Open Funkomancer opened 6 years ago
Is there a possibility the issue lies with your motherboard? Have you tried to do bitcoin mining or other things with all 12 GPUs? Some motherboards have multiple PCIE slots, but only support up to an x amount (usually 6 to 9) GPUs.
Another issue might be, that your CPU has only 16 PCIE lanes for GPU purposes. If the first and second PCIE lanes are running at 4x, there is a possibility that you can only assign 8 more GPUs to your motherboard, resulting in a max of 10 GPUs.

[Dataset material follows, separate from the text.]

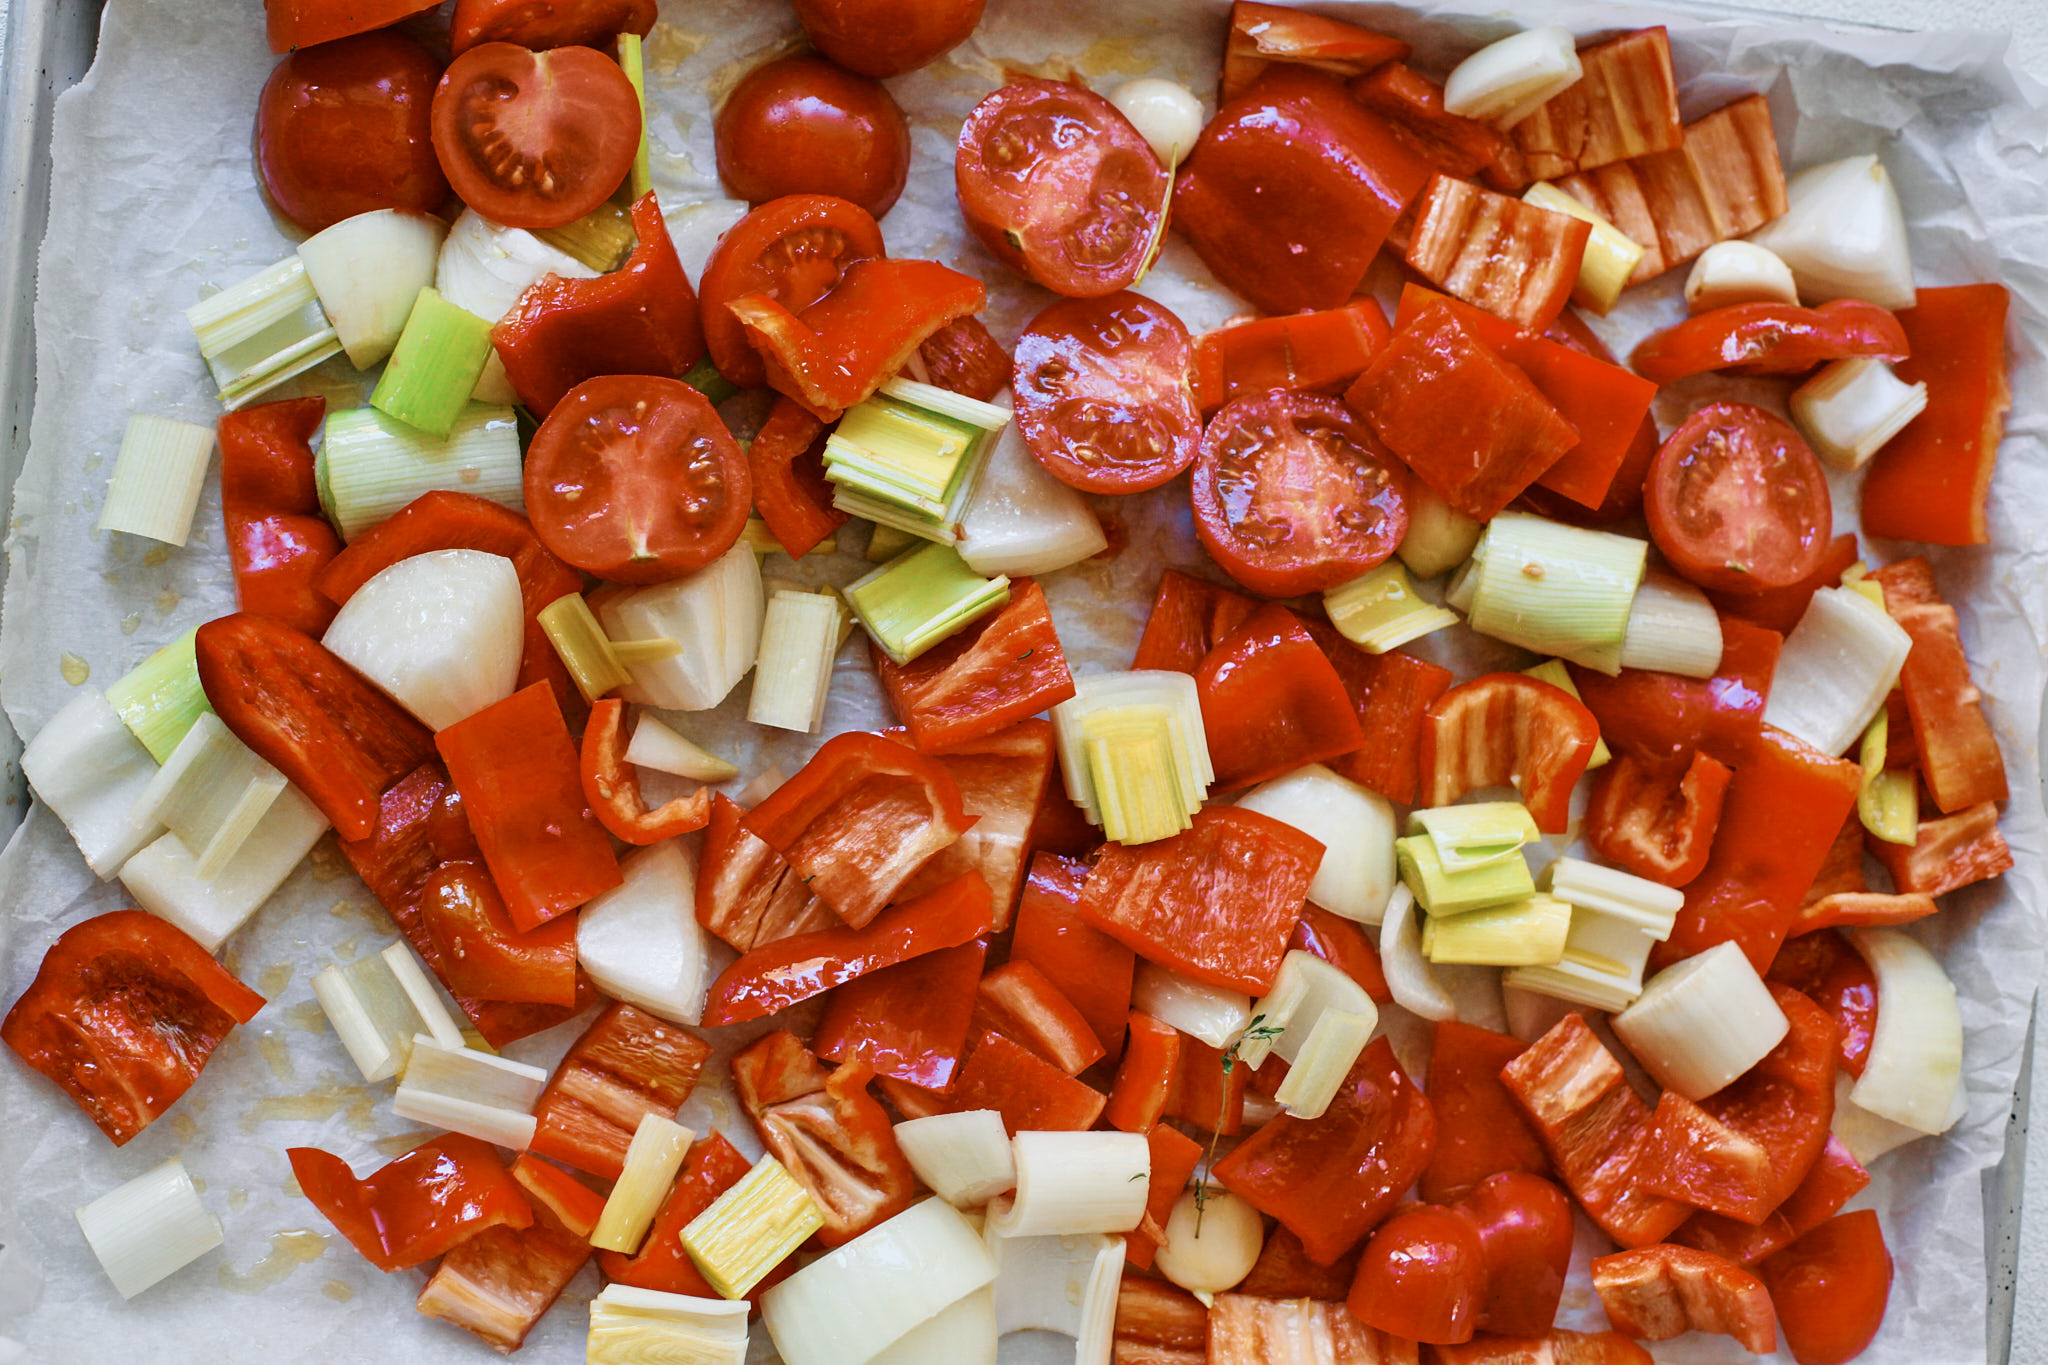 chopped red peppers, leeks, tomatoes, garlic and onion

Or, if the first one is running at 8x, second at 4x, you can add only 4x more, plus 4 more 1x slots through an m.2 slot.
I have the same issue on 16 GPU machine... still no fix?
[0] Tesla V100-SXM3-32GB | 50'C, 87 % | 354 / 32510 MB | fahclient(339M)

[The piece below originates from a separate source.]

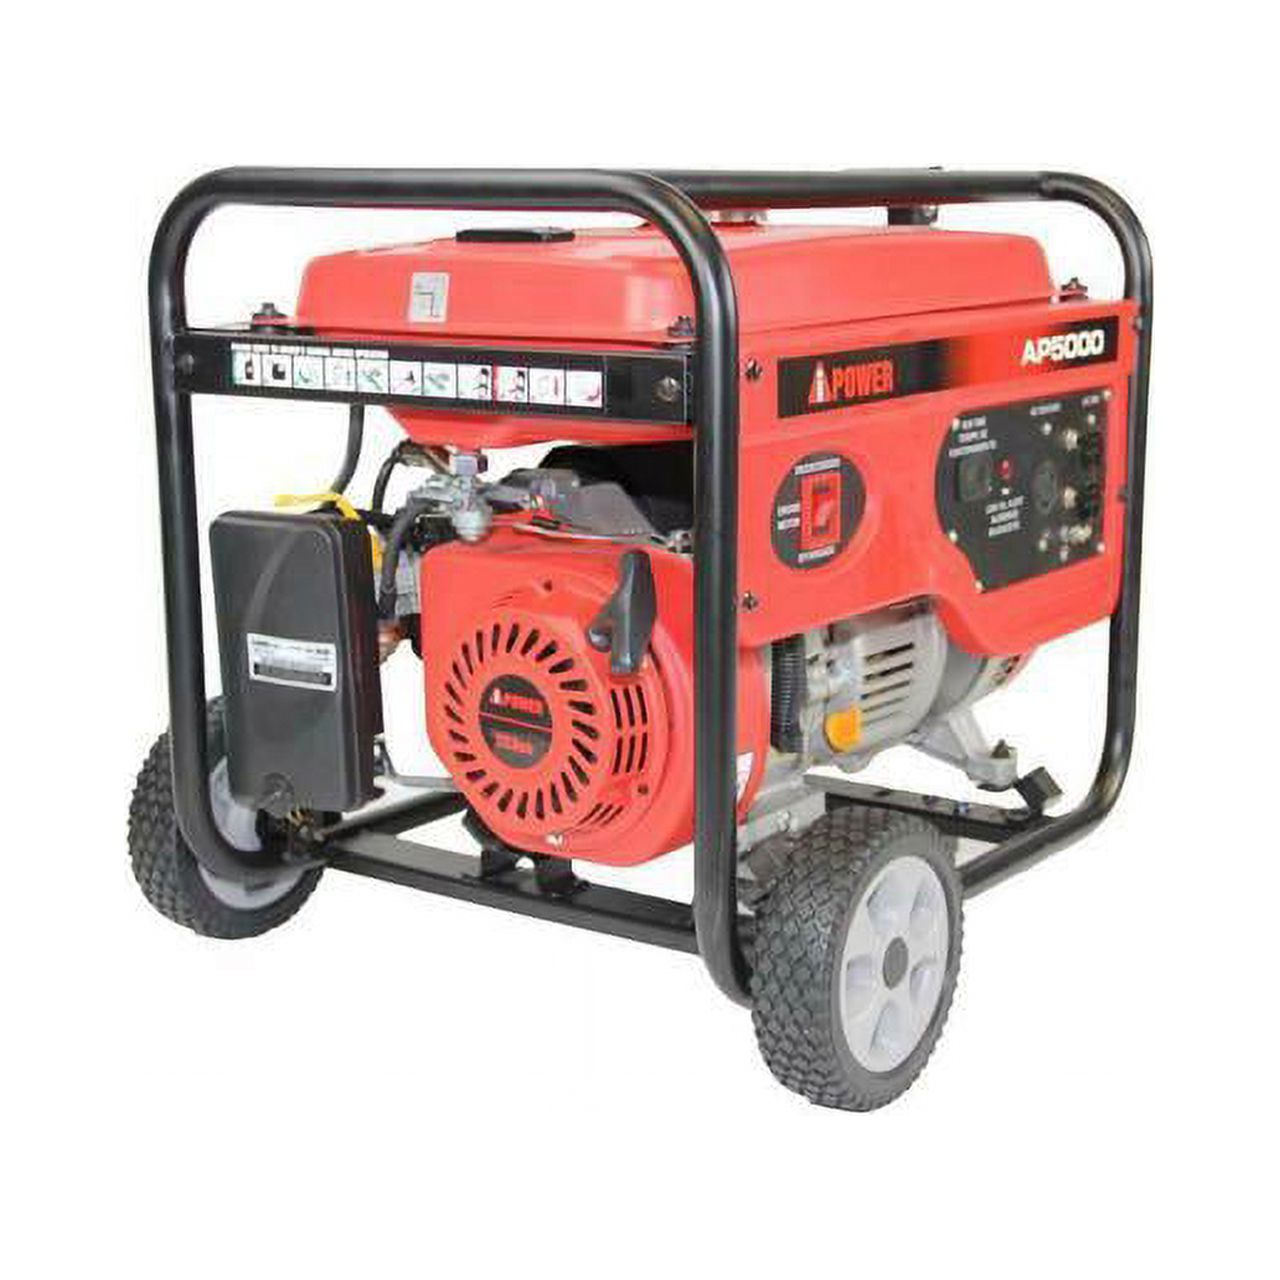 A-iPower AP5000 Gasoline Portable Generator W/ 5000W Starting Watts - image 3 of 5

[1] Tesla V100-SXM3-32GB | 51'C, 98 % | 2376 / 32510 MB | fahclient(323M) fahclient(339M) fahclient(341M) fahclient(339M) fahclient(341M) fahclient(339M) fahclient(339M)
[2] Tesla V100-SXM3-32GB | 64'C, 87 % | 354 / 32510 MB | fahclient(339M)

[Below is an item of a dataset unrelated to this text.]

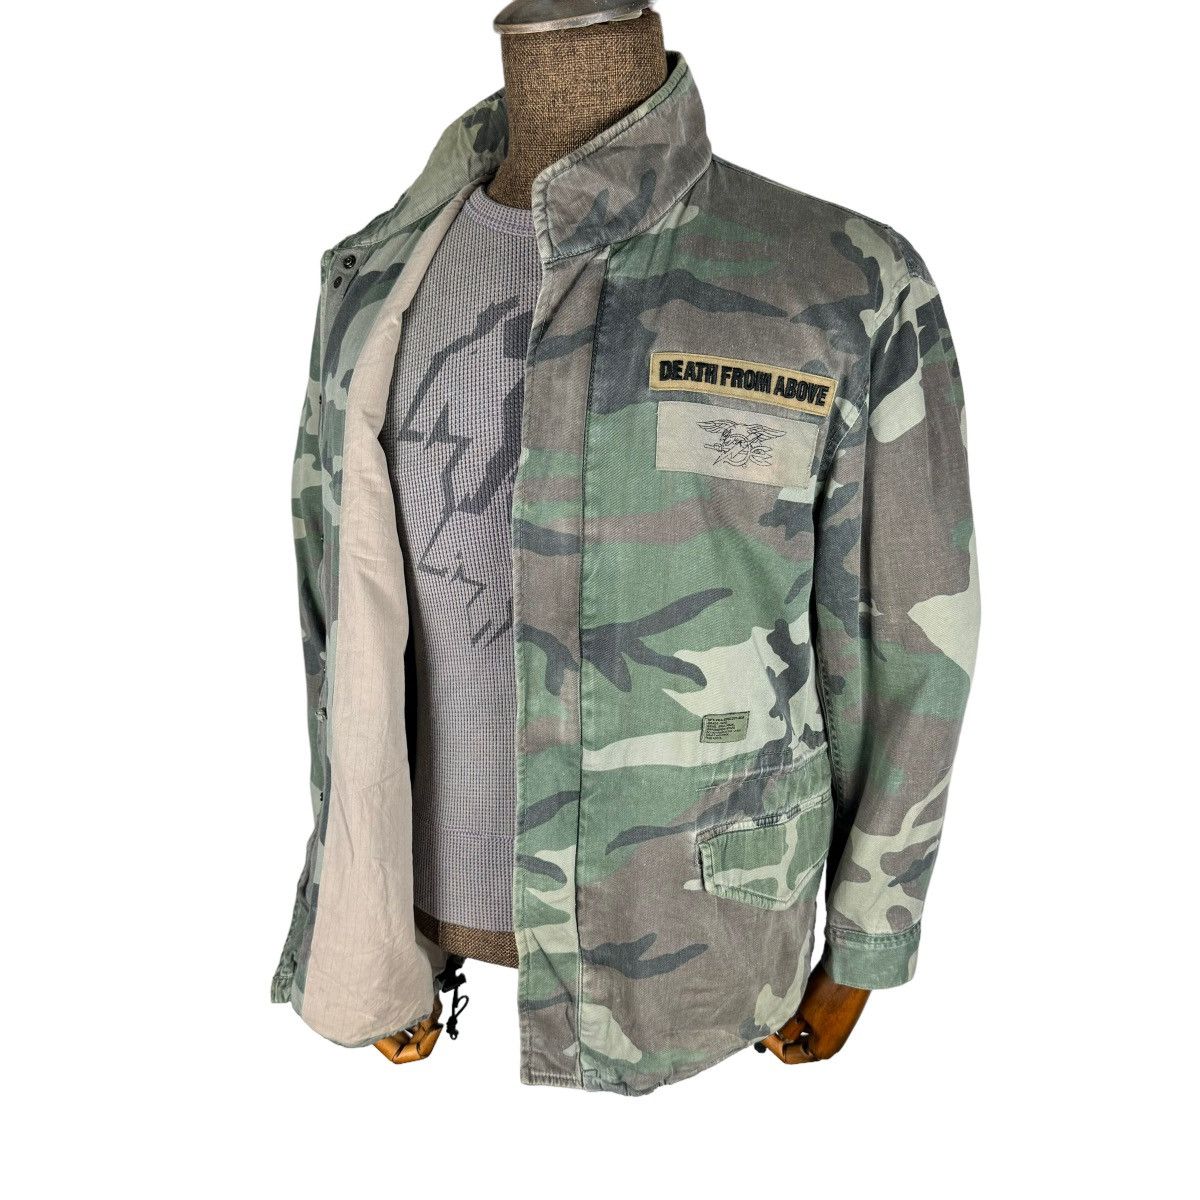 🔥WTAPS M65 Death From Above Ripstop JACKET - 6

[3] Tesla V100-SXM3-32GB | 66'C, 88 % | 354 / 32510 MB | fahclient(339M)
[4] Tesla V100-SXM3-32GB | 46'C, 88 % | 354 / 32510 MB | fahclient(339M)
[5] Tesla V100-SXM3-32GB | 62'C, 87 % | 354 / 32510 MB | fahclient(339M)
[6] Tesla V100-SXM3-32GB | 49'C, 90 % | 356 / 32510 MB | fahclient(341M)
[7] Tesla V100-SXM3-32GB | 68'C, 90 % | 356 / 32510 MB | fahclient(341M)
[8] Tesla V100-SXM3-32GB | 50'C, 88 % | 354 / 32510 MB | fahclient(339M)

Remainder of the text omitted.